Input data:
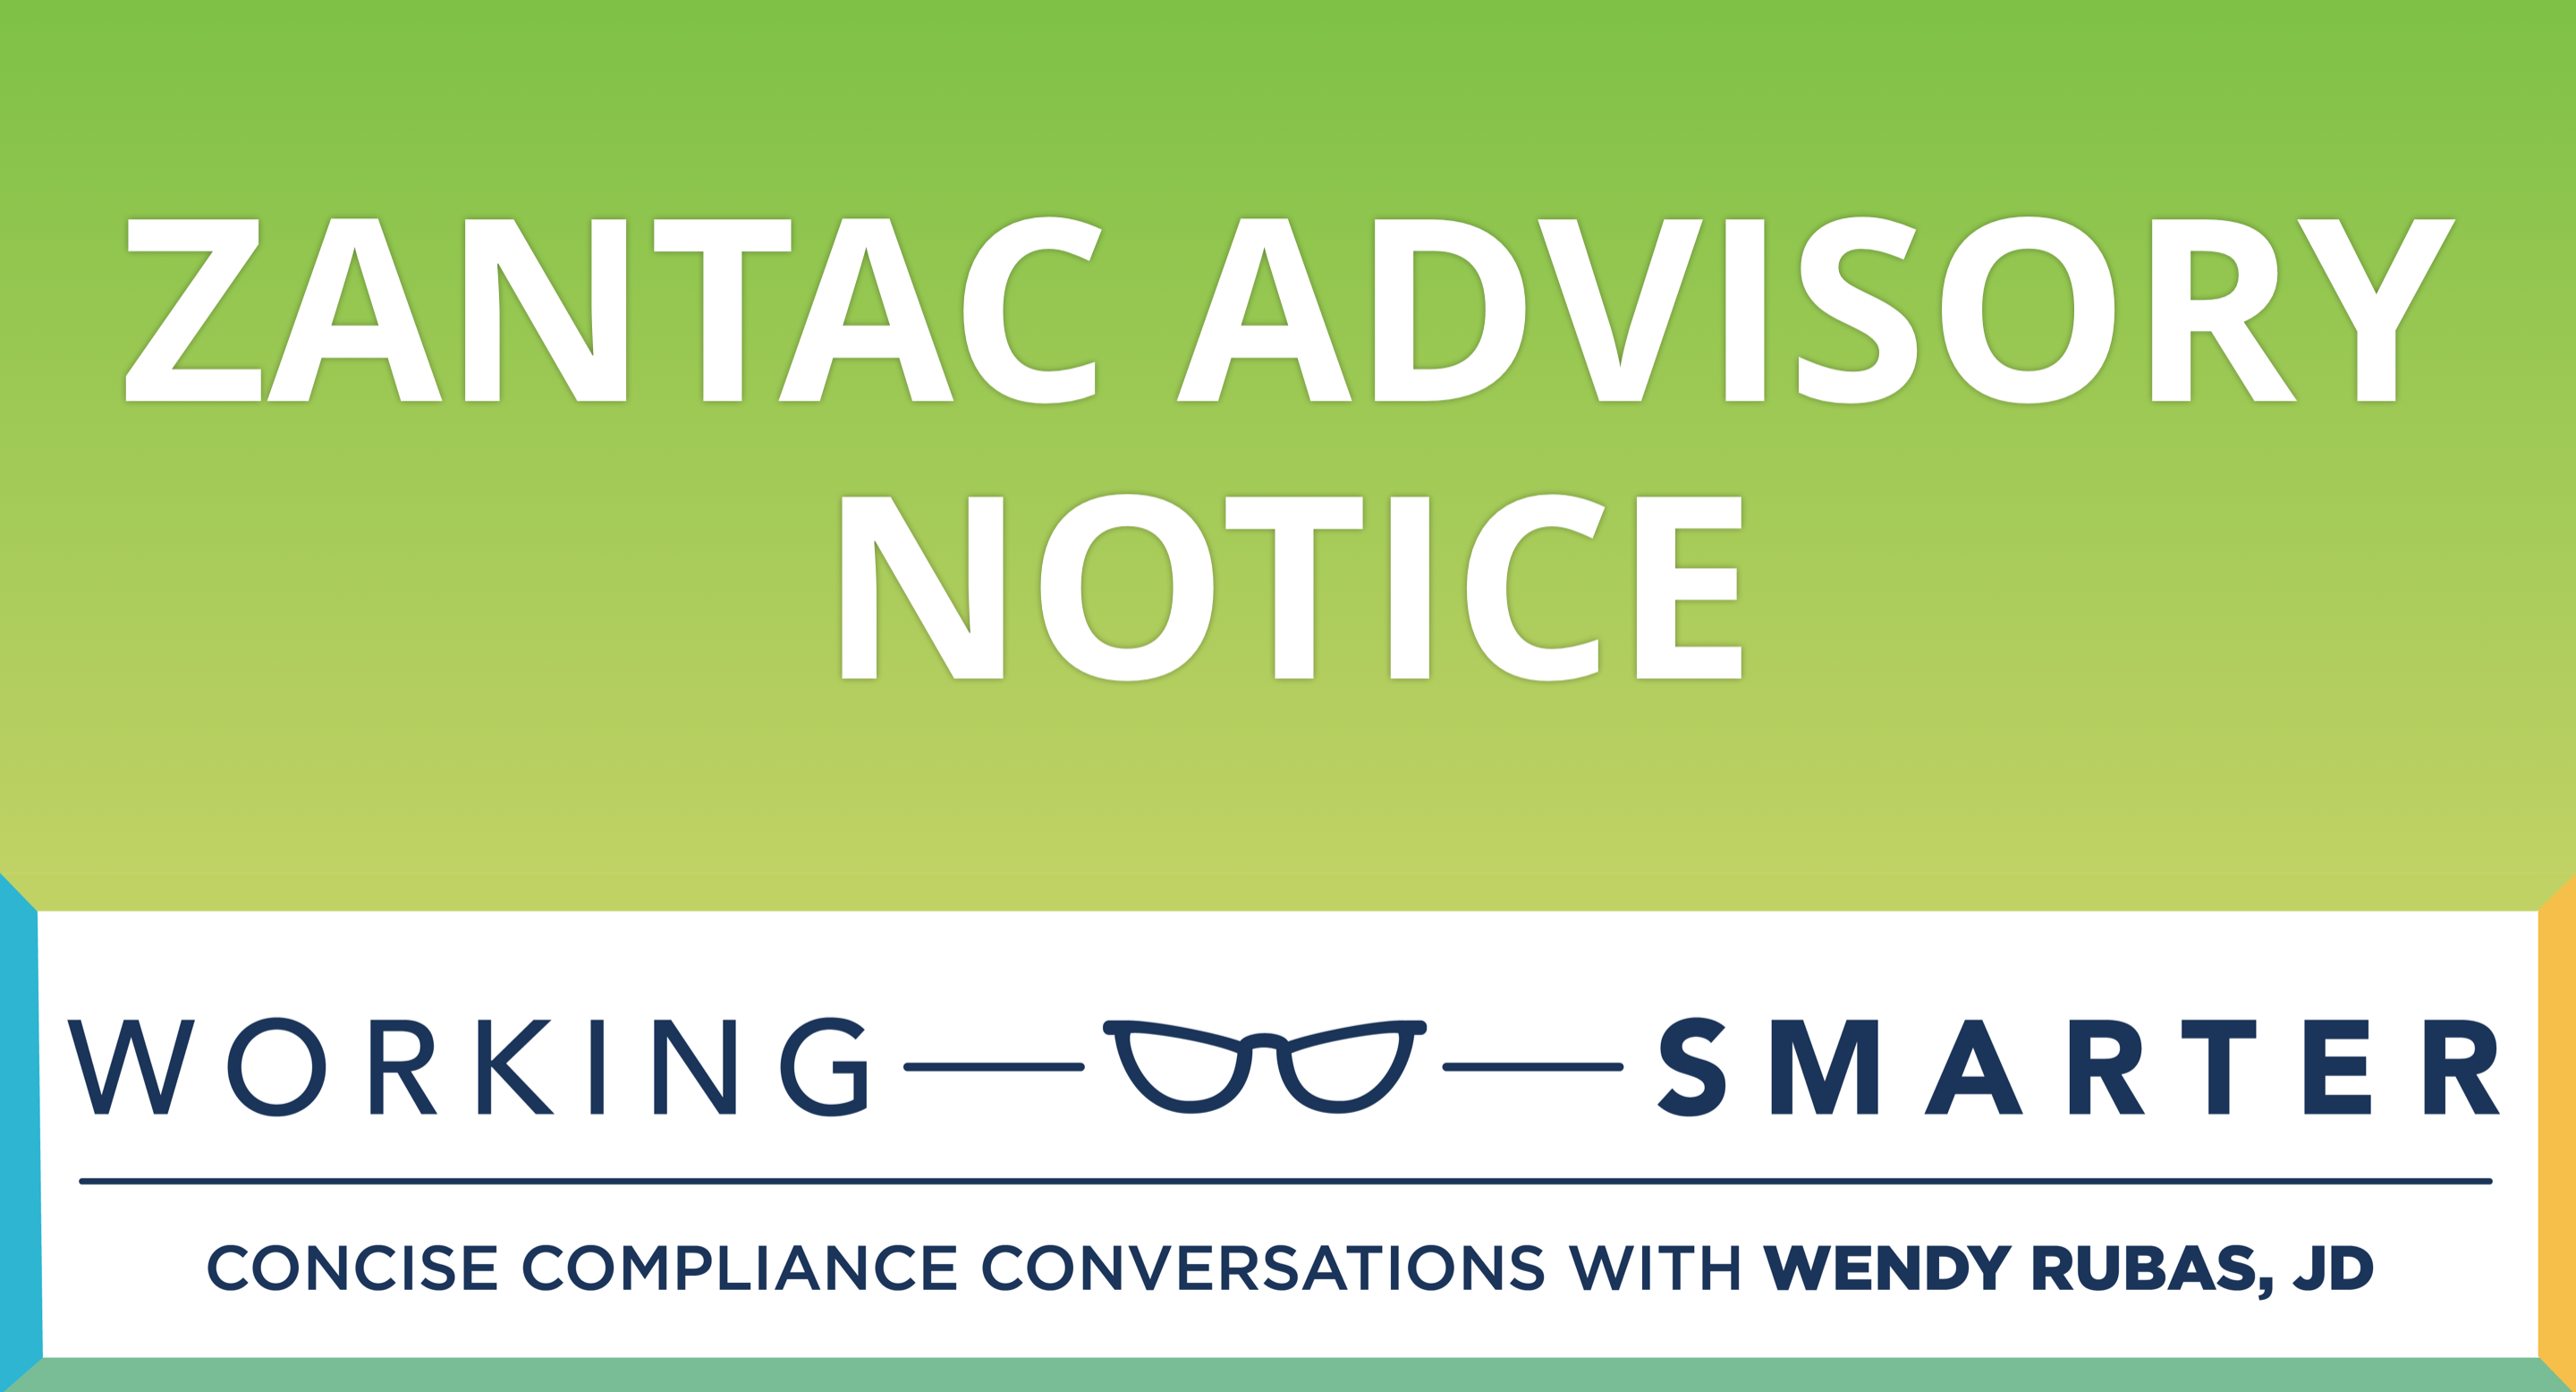 Working Smarter: Zantac Advisory Notice
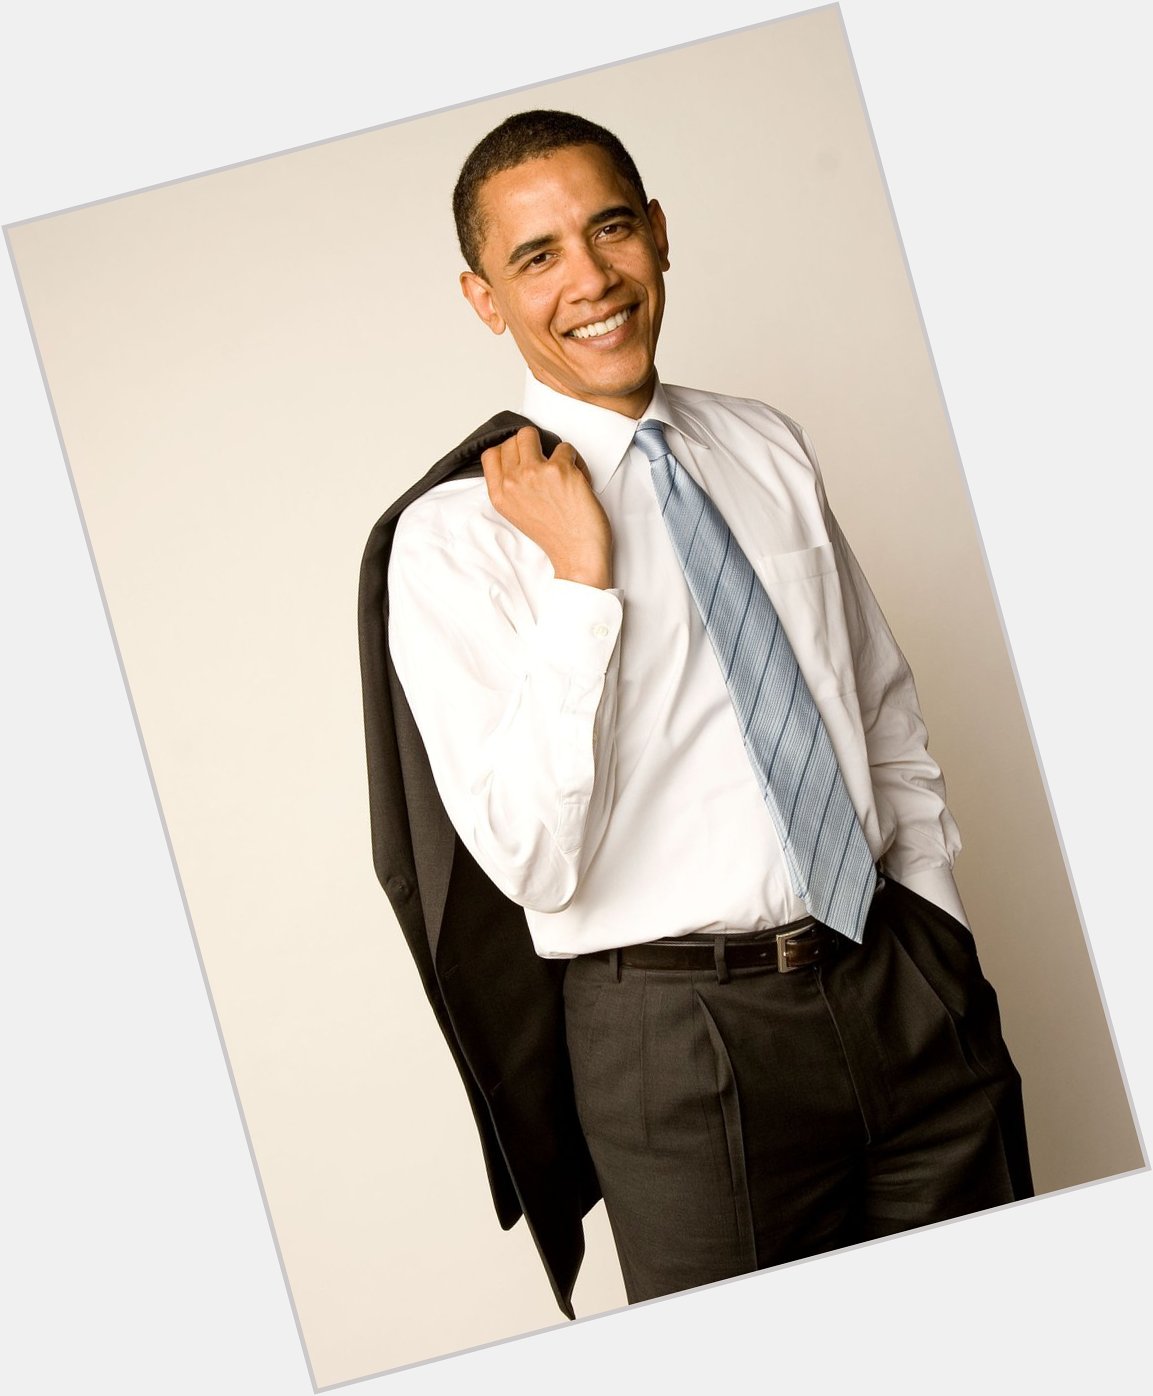 Barack Obama. 2000.

Today is Barack Obama s 61st birthday. Happy birthday to him! 
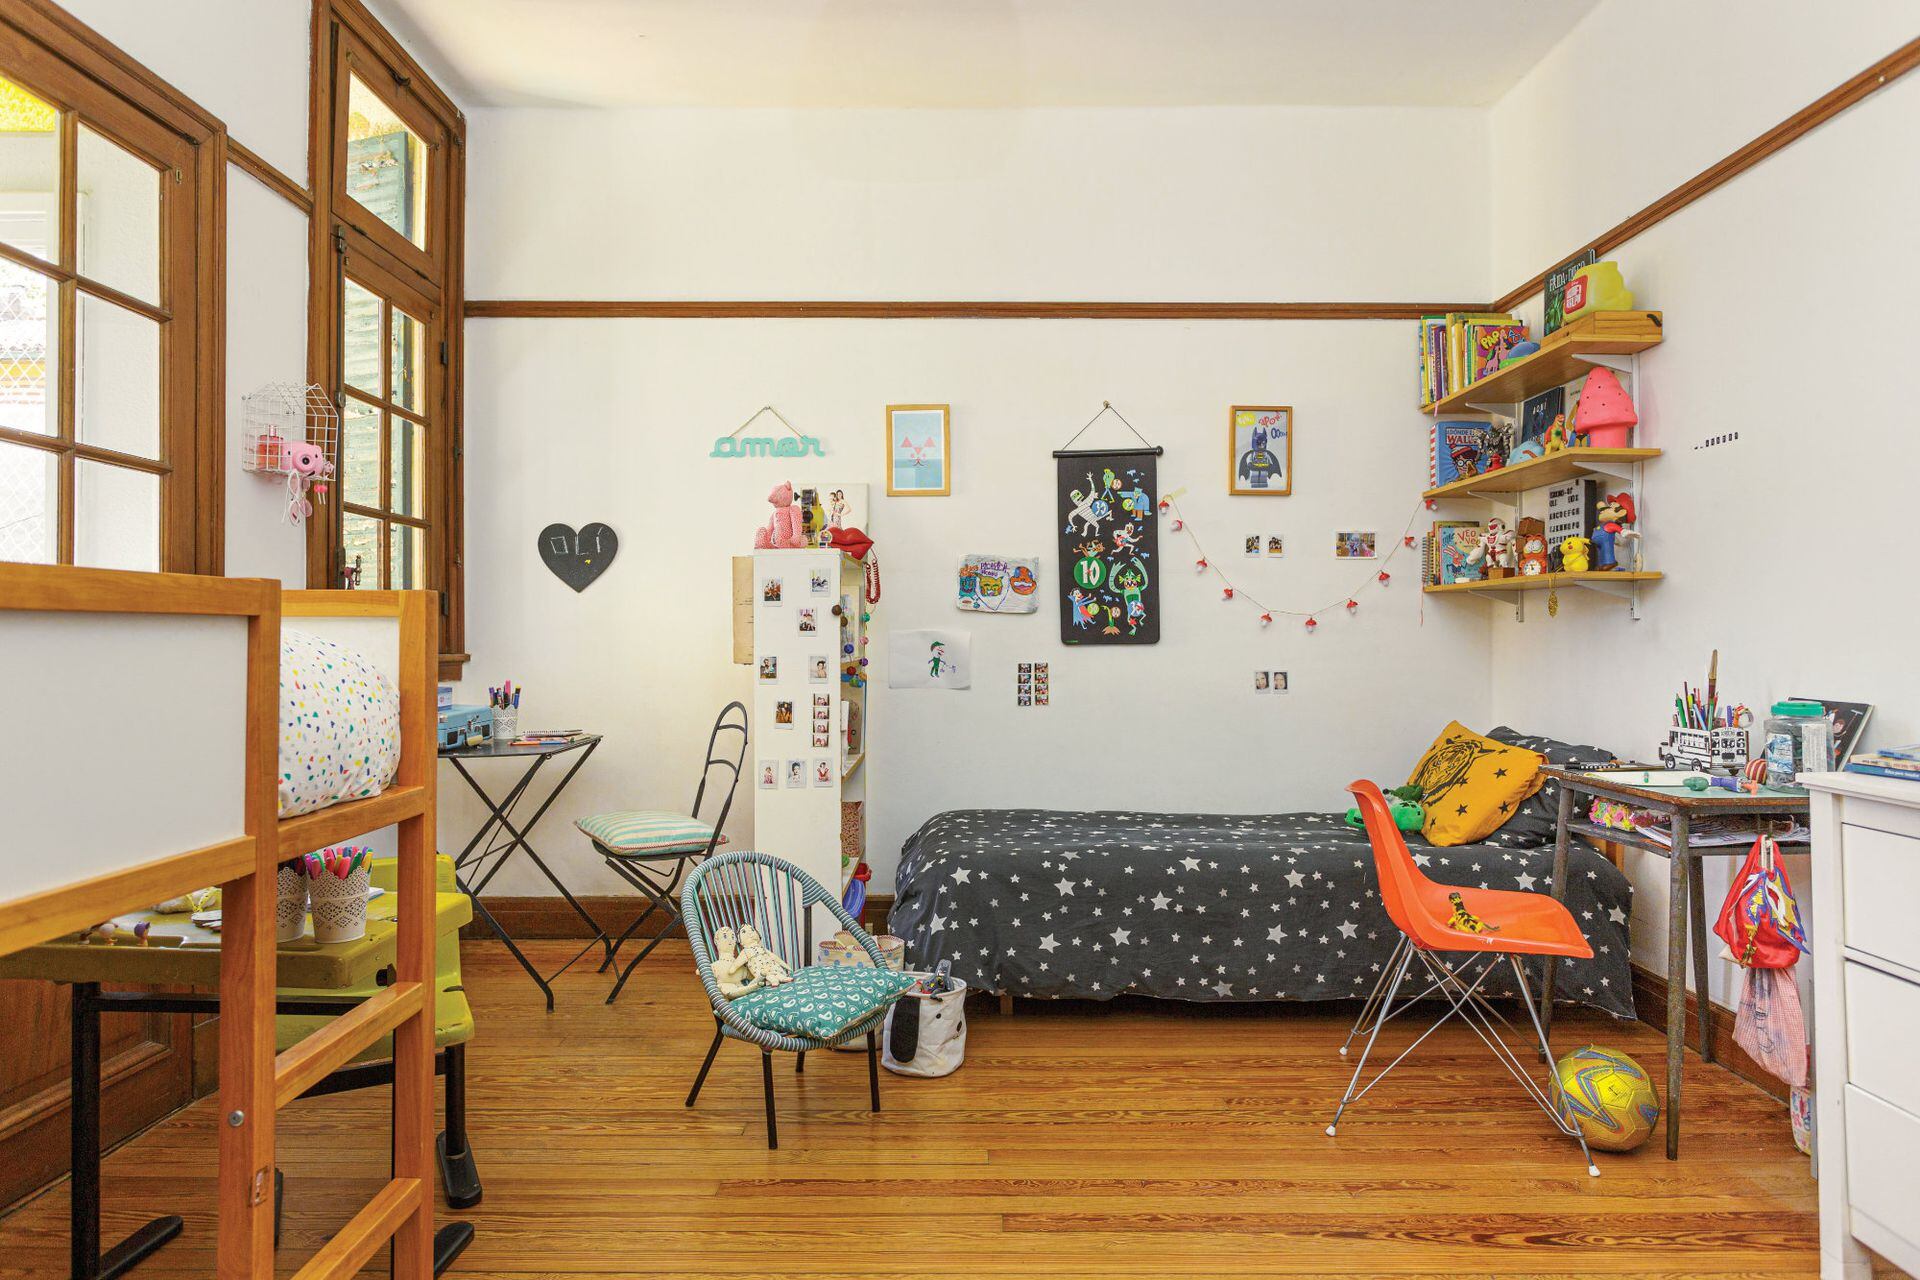 Espacios individuales bien definidos en el dormitorio de los tres niños de esta casa.
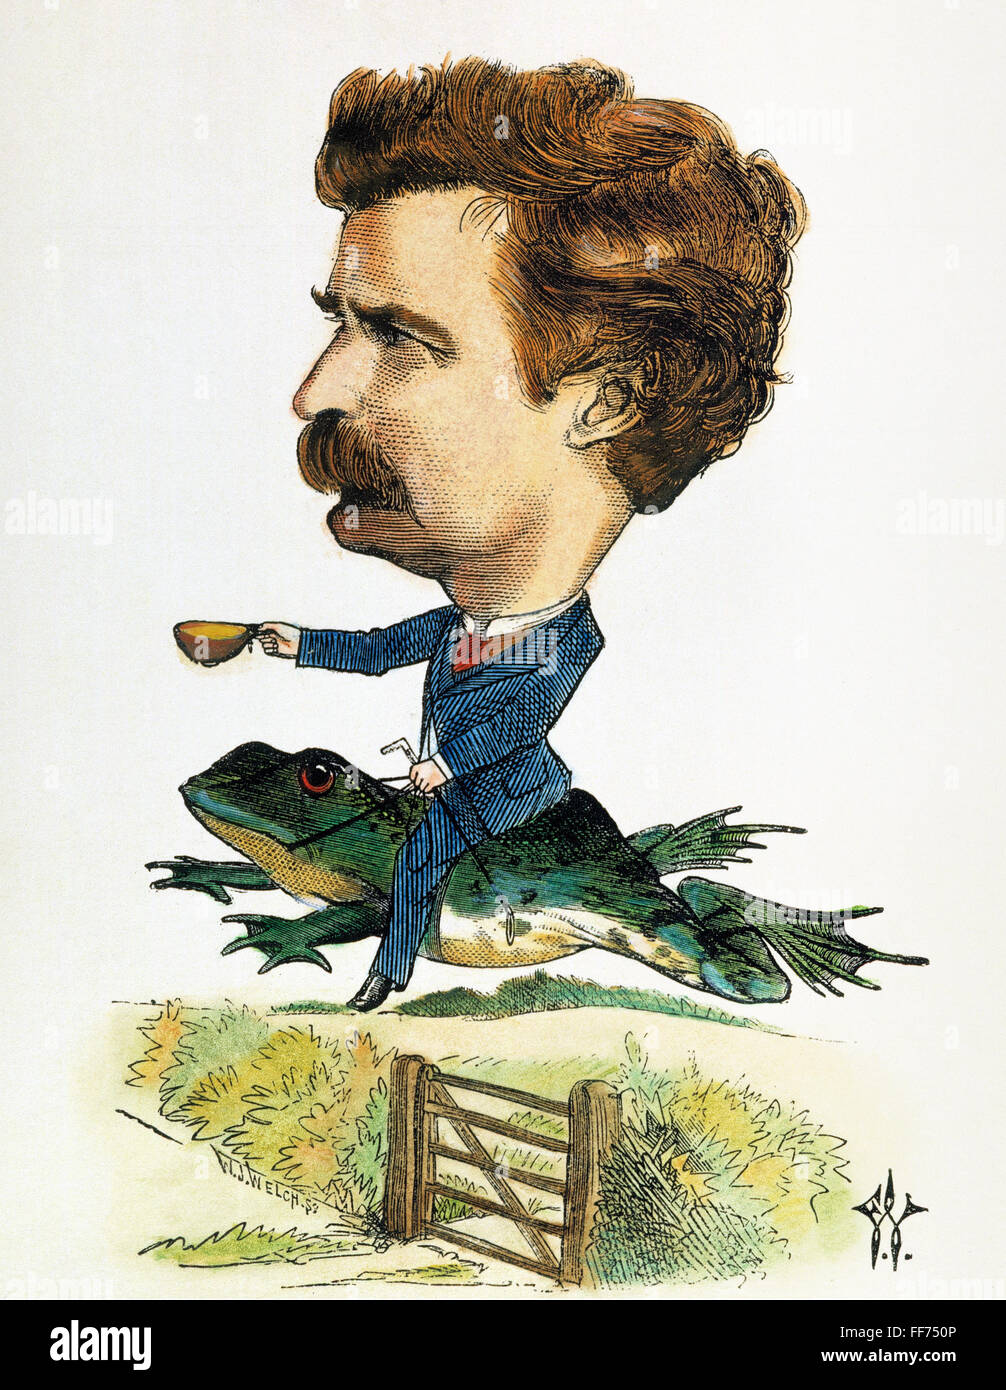 Destouches /n(1835-1910). Pseudonyme Mark Twain. L'écrivain et humoriste américain. Équitation le célèbre jumping frog. Caricature de couleur, 1872, par Frederick Waddy. Banque D'Images

Work required:
Output exactly the lines from the one containing "Barack Obama. 2000." through the last line of the records above, both included, leaving out any pictures.

Solution to this problem:
 Barack Obama. 2000.

Today is Barack Obama s 61st birthday. Happy birthday to him! 
 Espacios individuales bien definidos en el dormitorio de los tres niños de esta casa.
 Destouches /n(1835-1910). Pseudonyme Mark Twain. L'écrivain et humoriste américain. Équitation le célèbre jumping frog. Caricature de couleur, 1872, par Frederick Waddy. Banque D'Images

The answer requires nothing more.